Functional clustering of transcriptional changes which are common in 2 or more of the screens on differentially vulnerable motor neurons.
Fig 2.
Comparison of 4 independent screens on differentially vulnerable motor neurons reveals a large number of common transcriptional changes.
Scatter plot showing the fold change of transcripts which were differentially expressed in differentially vulnerable motor neurons in the RNAseq performed by Murray et al., 2015 [16] and in the microarray study on differentially vulnerable motor neuron performed by Brockington et al., 2013 [17] (green), Kaplan et al., 2014 [19] (blue) and Hedlund et al., 2010 [18](red). Numbers denote number of number of common transcriptional screens within each quadrant of the plot. Note that the majority of changes occur with a common directional change i.e. fall within the bottom left or top right quadrant of the graph.
Table 6.
Mouse genes and their Drosophila homologue which were tested in the DVAPP-P58S Drosophila screen.
Fig 3.
In vivo validation of transcripts in a Drosophila model of ALS8.

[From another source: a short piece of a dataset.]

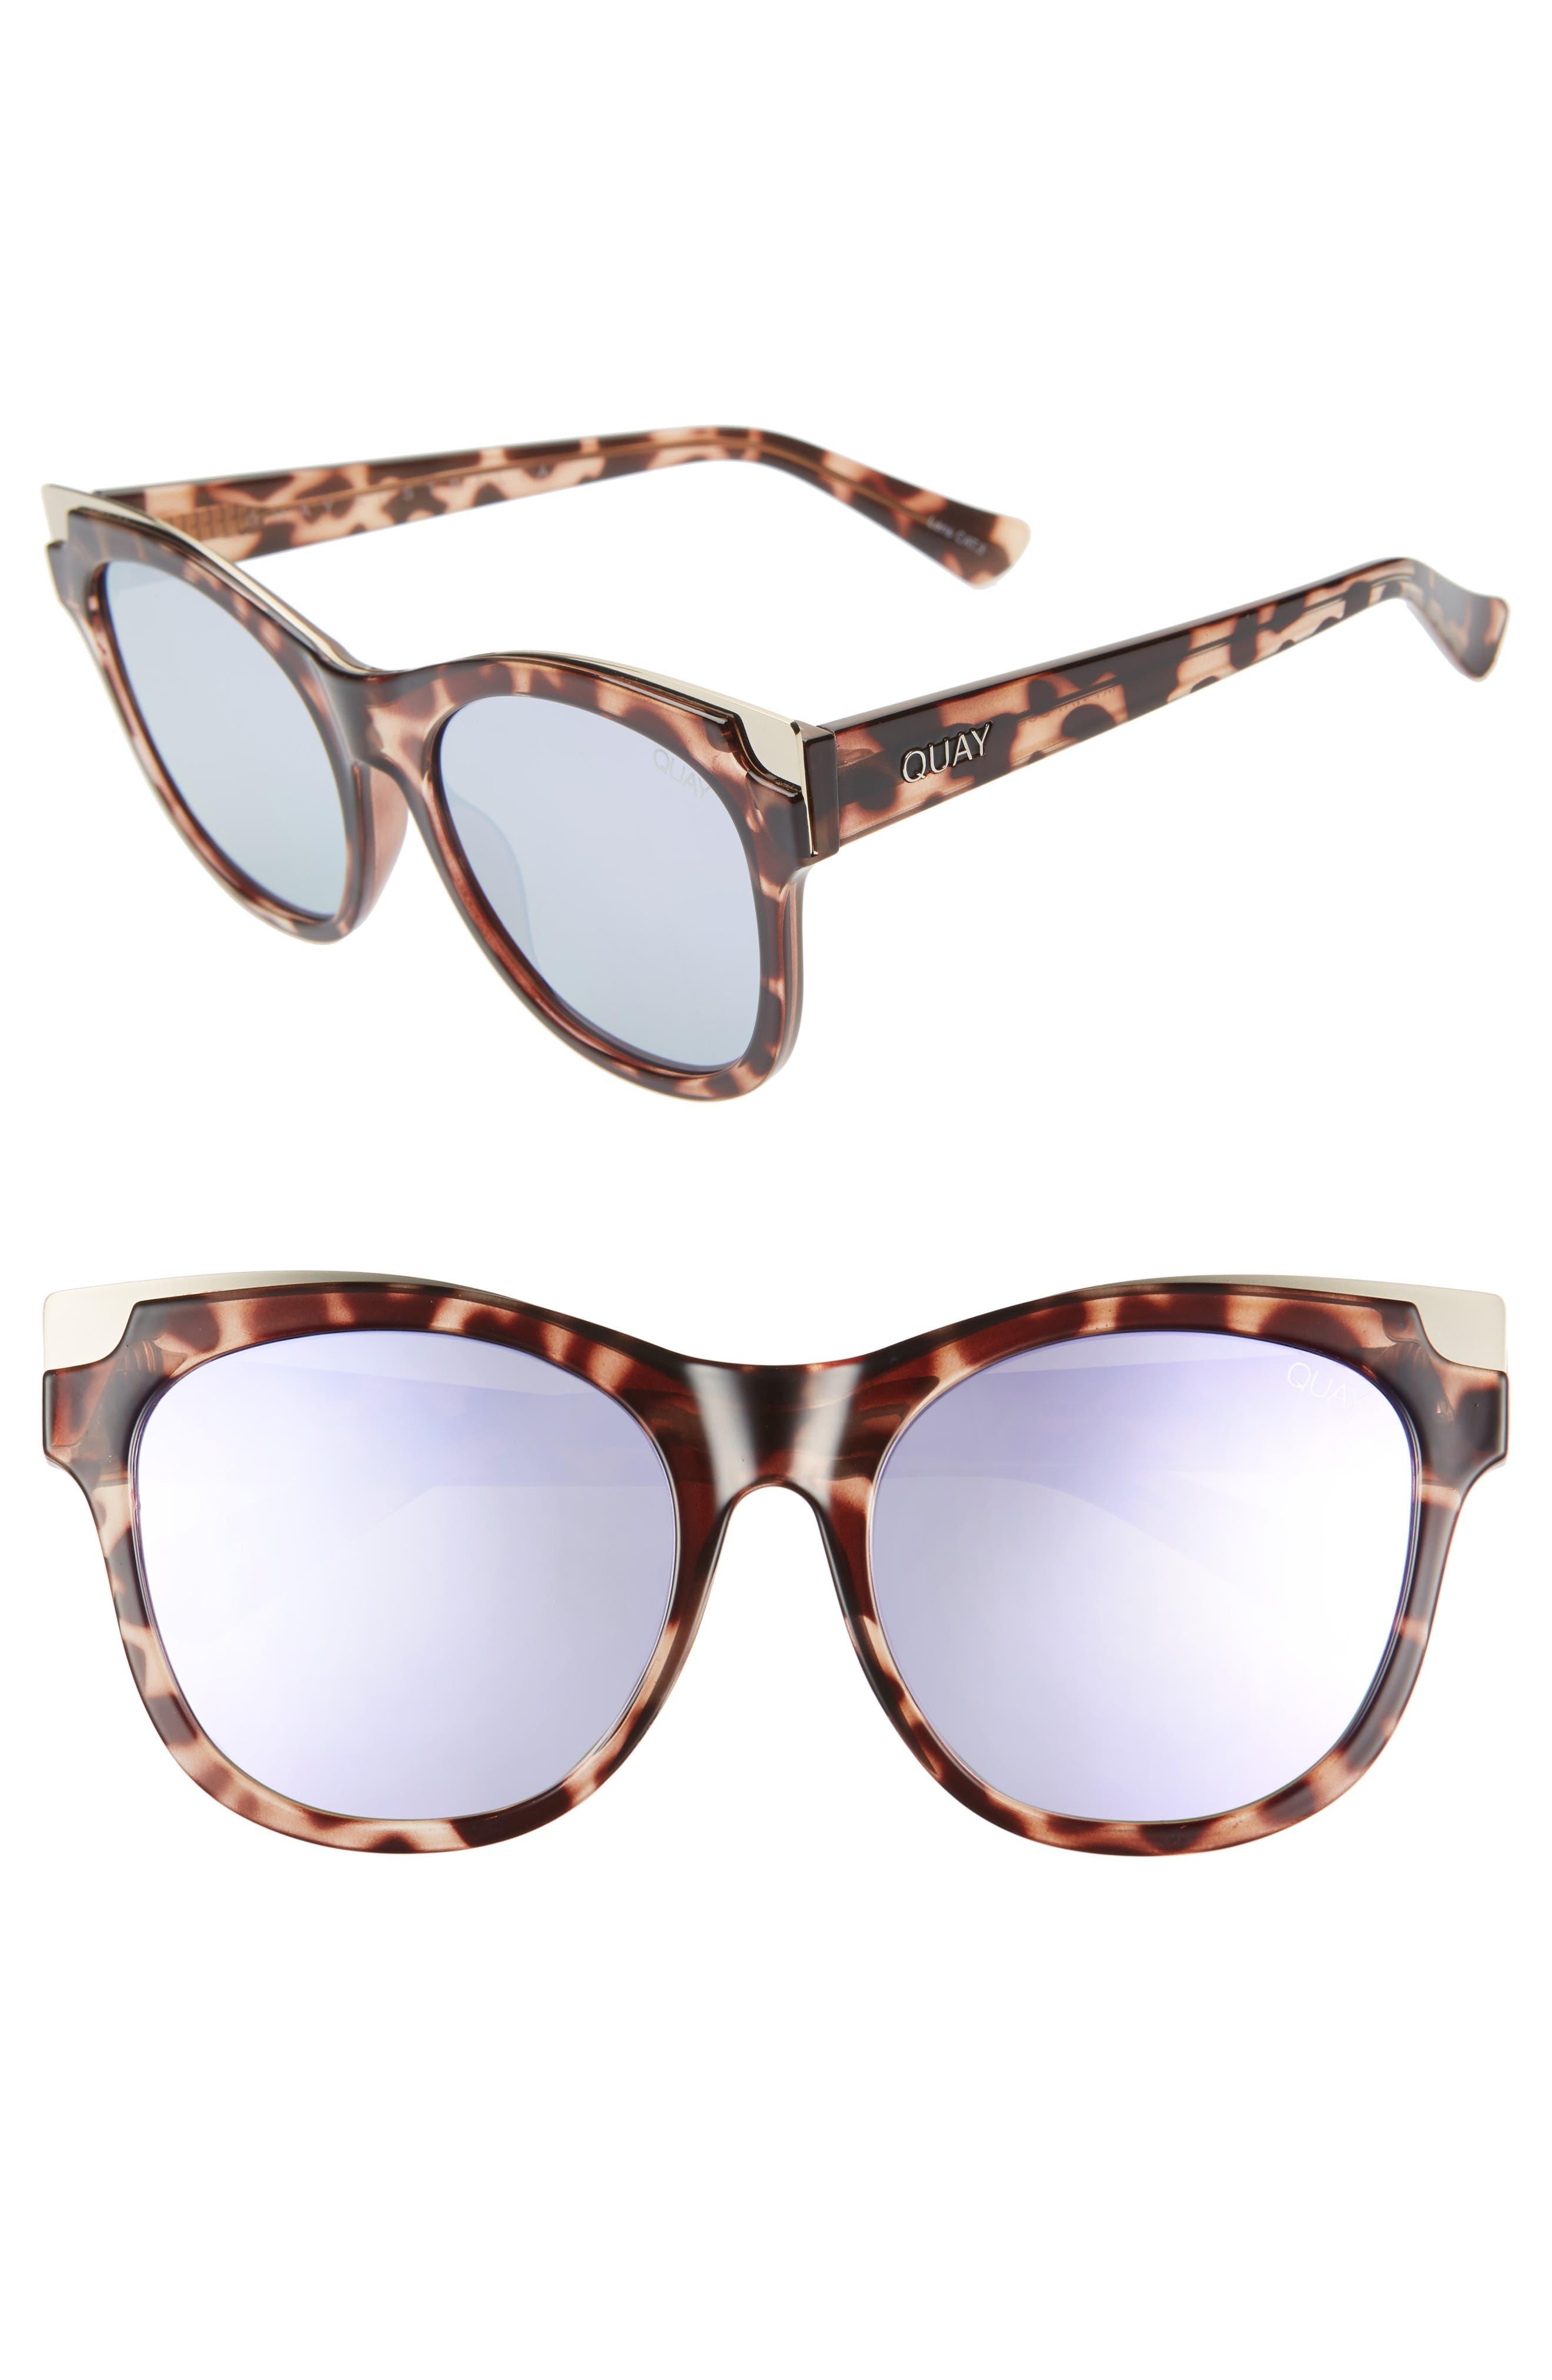 48627520d0dcc Women s Quay Australia Cat-Eye Sunglasses

A) Images show eyes from wild-type, DVAP-P58S (carrying ALS8 patient mutation), DVAP-P58S Dfd (AL8 patient mutation with decreased expression of Dfd, the Drosophila homologue of Hoxc4) and DVAP-P58S Dfd (AL8 patient mutation with decreased expression of Nrbp1) Drosophila. Note the decrease in eye size observed in DVAP-P58S flies. This phenotype was supressed by decreased expression of dfd, and enhanced by decreased expression of Nrbp1. B) Bar chart (Mean ± SEM) showing the area (mm2) of the eye in Drosophila lines which over or under express specified transcripts in DVAP-P58S flies. *** P<0.001, **P<0.01 by ANOVA with Holm-Sidak’s post hoc test. N = approx. 12 flies per group with each value reflecting average of 2 eyes per fly. C) Table details the transcripts which were identified as modifiers of the eye phenotype in DVAP-P58S flies, denoting the Drosphila official gene symbol, the official gene symbol of the mouse homologue and the directional change observed in vulnerable motor neurons in the independent transcriptional screens [16–19]. For those transcripts which were decreased in vulnerable motor neurons, their expression was increased in DVAP-P58S flies, and for those transcripts which were increased in vulnerable motor neurons, their expression was decreased in DVAP-P58S flies.
Fig 4.
Overexpression of SNCA ameliorate phenotype and neuromuscular junction pathology in the Smn2B/- mouse model of SMA.
A, B) Kaplan Maier plot (A) and weight curve (B) showing profile of control (Smn2B/+; black) and untreated Smn2B/- (red) compared to mice treated with a low dose (1e11; blue) or high dose (3e11; green) of AAV9 expressing SNCA. Note that while the low dose only increases weight gain (Student’s t-test p < 0.0001, the high dose of AAV9-SNCA significantly increased weight (Student’s t-test p<0.0001) and lifespan in the Smn2B/- mouse model (Mantel-Cox Survival Curve Comparison Test p = 00027). C) Confocal micrographs showing NMJs with the pre-synaptic terminal labeled with antibodies against neurofilament (NF; red) and synaptic vesicle protein 2 (red) and the muscle endplate labeled with alpha-bungarotoxin (green) from the transversus abdominis muscle from P18 mice. Note the presence of fully (arrowhead) and partially (arrow) denervated endplates in the untreated Smn2B/- mouse which were less commonly observed in the Smn2B/- mouse treated with high dose AAV9-SNCA. Scale bar = 20μm. D) Bar chart ± SEM showing the increase in the percentage of fully occupied endplates in untreated Smn2B/- mice (black bars) compared to Smn2B/- treated with high dose AAV9-SNCA. *** P <0.001 by Mann-Whitney U test where n = 4/8 mice/muscles per group.